### [Exercise description]
Please restate word for word the lines of the entries below from the one with "Una de las ventanas" to the one with "Như đã giới", inclusive, and leave out every picture.

*** Source information

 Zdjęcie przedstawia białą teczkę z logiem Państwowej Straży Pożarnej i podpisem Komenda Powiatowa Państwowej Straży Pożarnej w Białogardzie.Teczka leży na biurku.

******
*** Source information

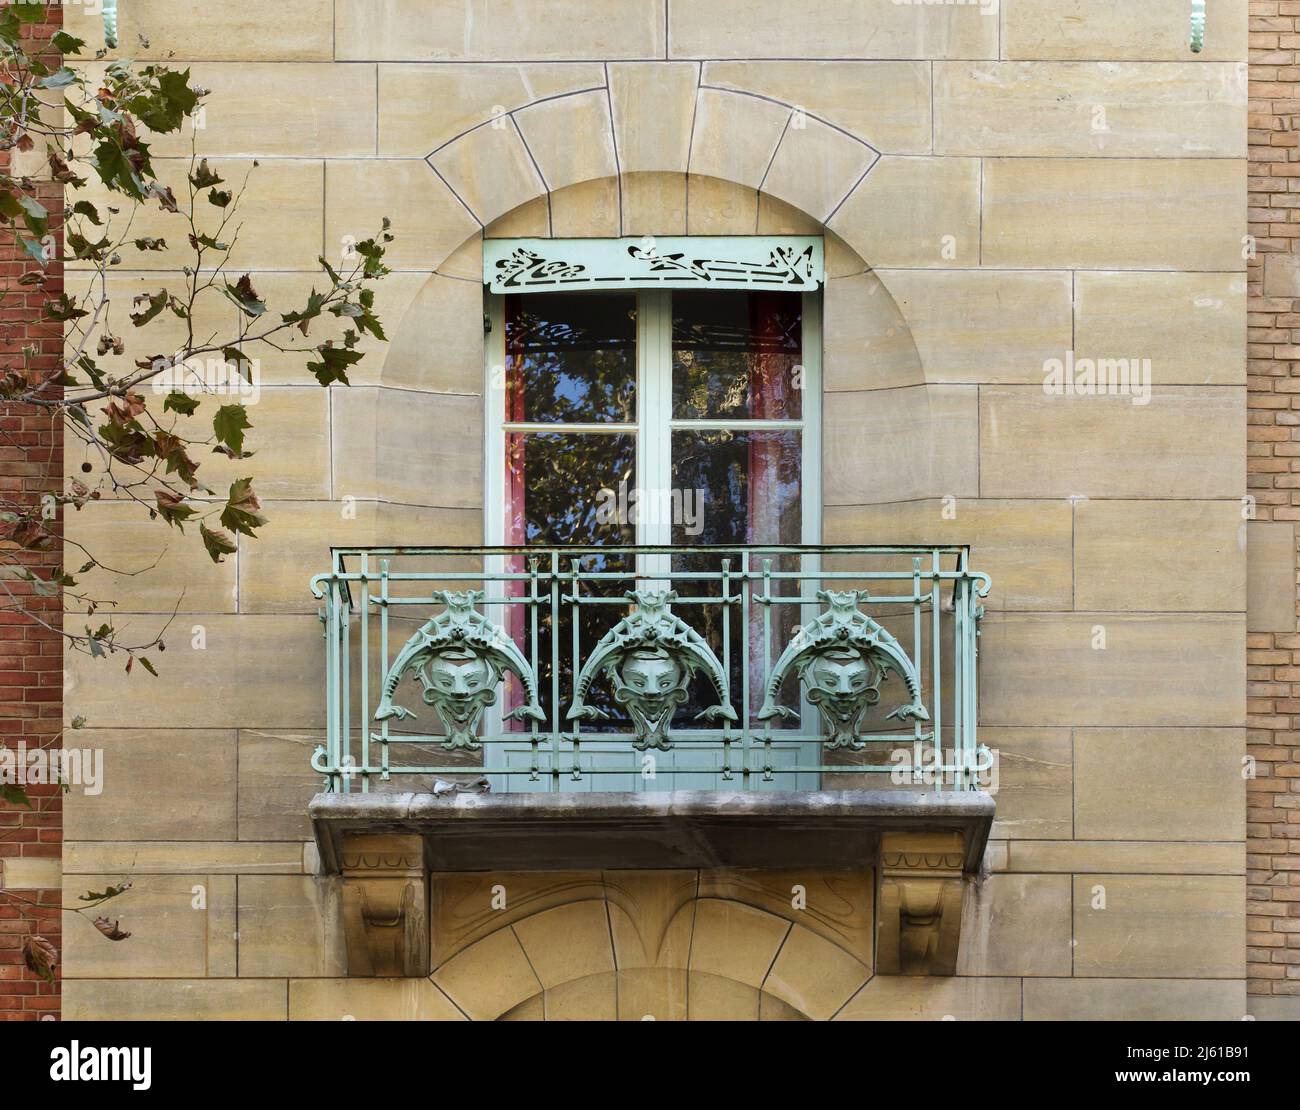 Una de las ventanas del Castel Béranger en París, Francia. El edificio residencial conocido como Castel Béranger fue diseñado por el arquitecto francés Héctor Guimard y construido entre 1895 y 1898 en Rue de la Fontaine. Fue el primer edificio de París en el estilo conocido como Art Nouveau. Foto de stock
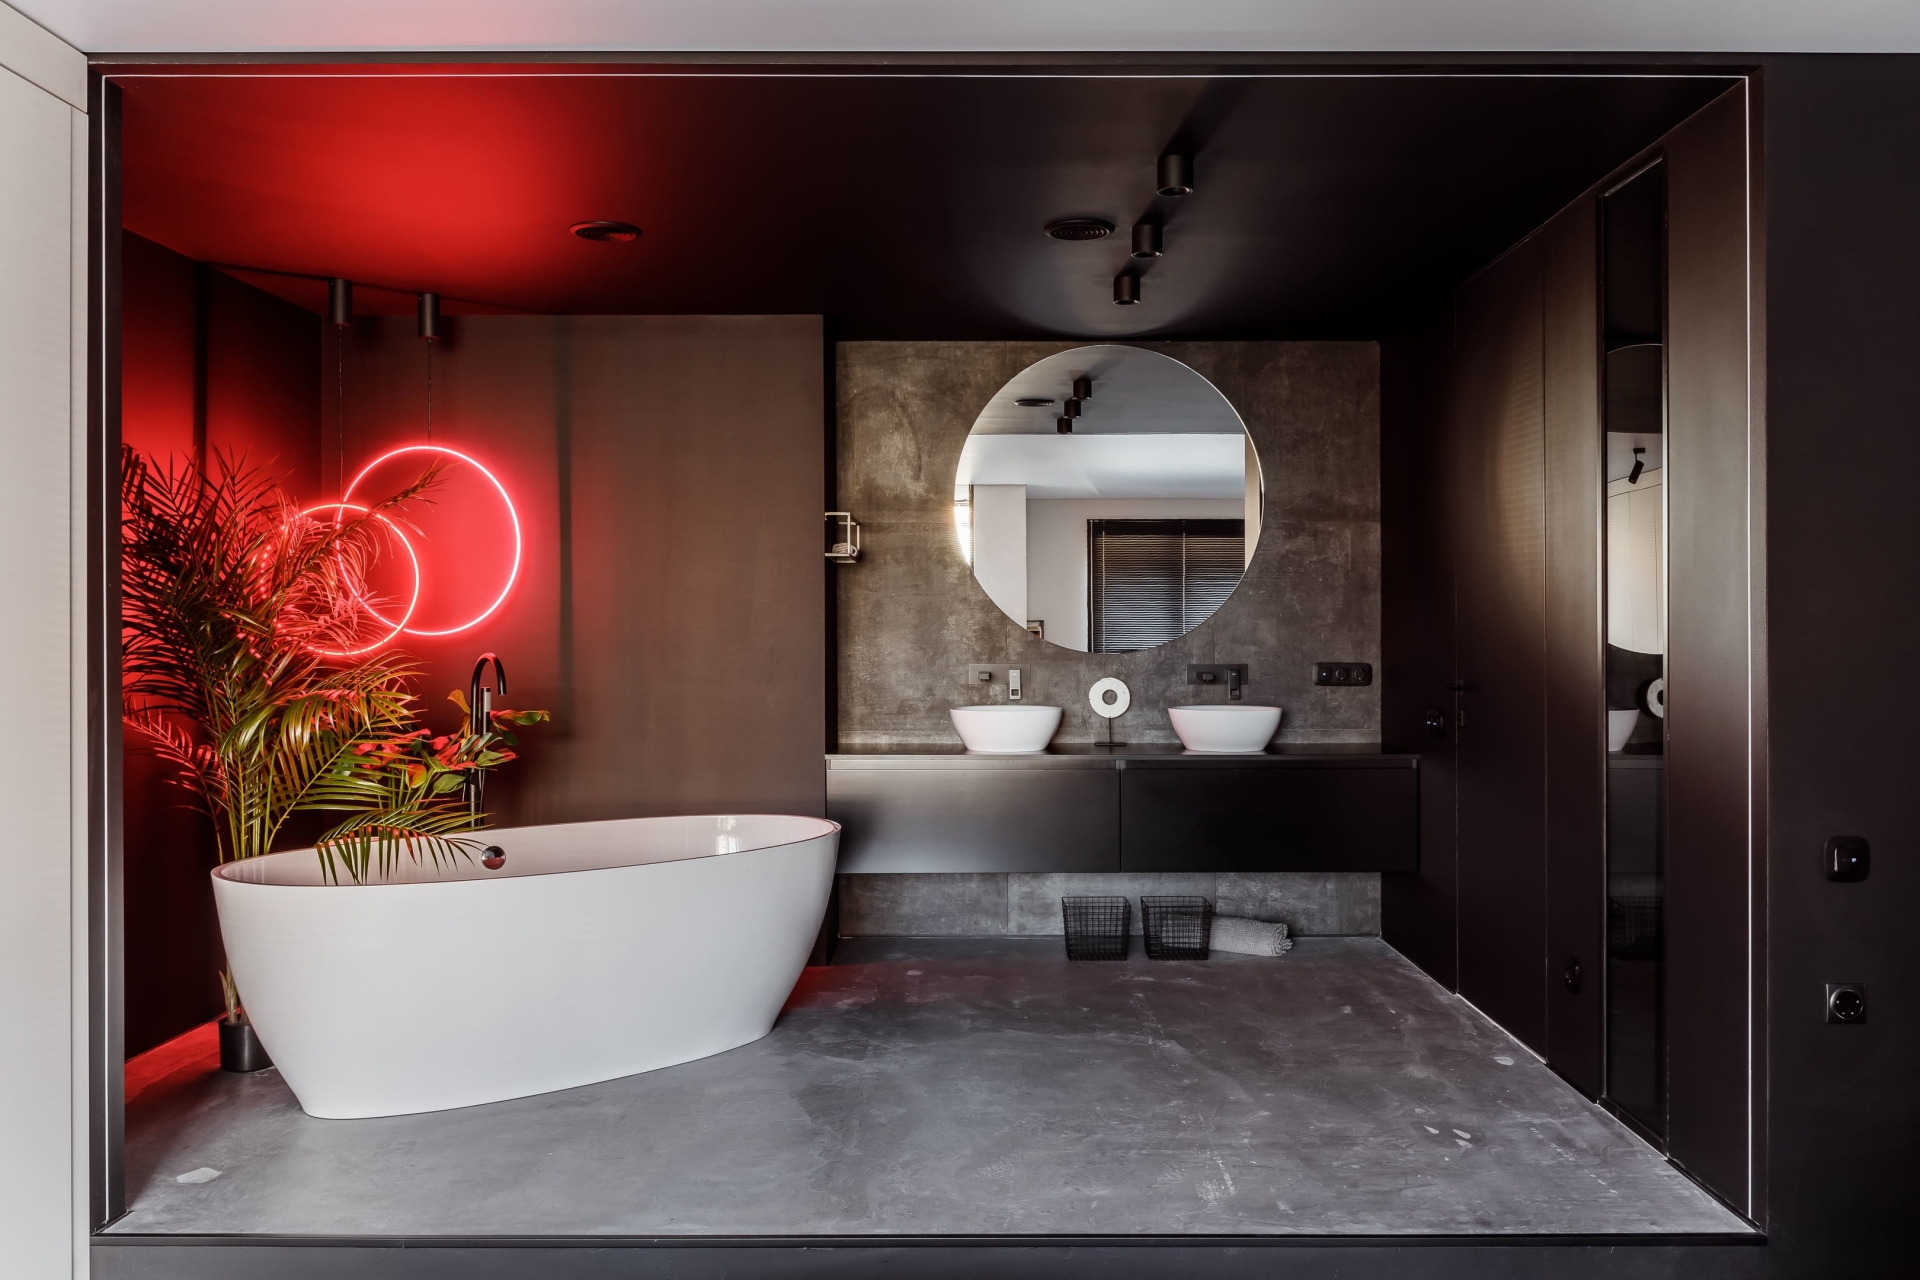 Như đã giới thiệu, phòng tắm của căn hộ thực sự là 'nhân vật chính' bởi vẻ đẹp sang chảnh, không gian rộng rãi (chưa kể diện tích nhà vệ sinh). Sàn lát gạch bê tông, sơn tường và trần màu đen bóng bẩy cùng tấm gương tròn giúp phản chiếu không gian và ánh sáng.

******

### [Completed task]
 Una de las ventanas del Castel Béranger en París, Francia. El edificio residencial conocido como Castel Béranger fue diseñado por el arquitecto francés Héctor Guimard y construido entre 1895 y 1898 en Rue de la Fontaine. Fue el primer edificio de París en el estilo conocido como Art Nouveau. Foto de stock
 Như đã giới thiệu, phòng tắm của căn hộ thực sự là 'nhân vật chính' bởi vẻ đẹp sang chảnh, không gian rộng rãi (chưa kể diện tích nhà vệ sinh). Sàn lát gạch bê tông, sơn tường và trần màu đen bóng bẩy cùng tấm gương tròn giúp phản chiếu không gian và ánh sáng.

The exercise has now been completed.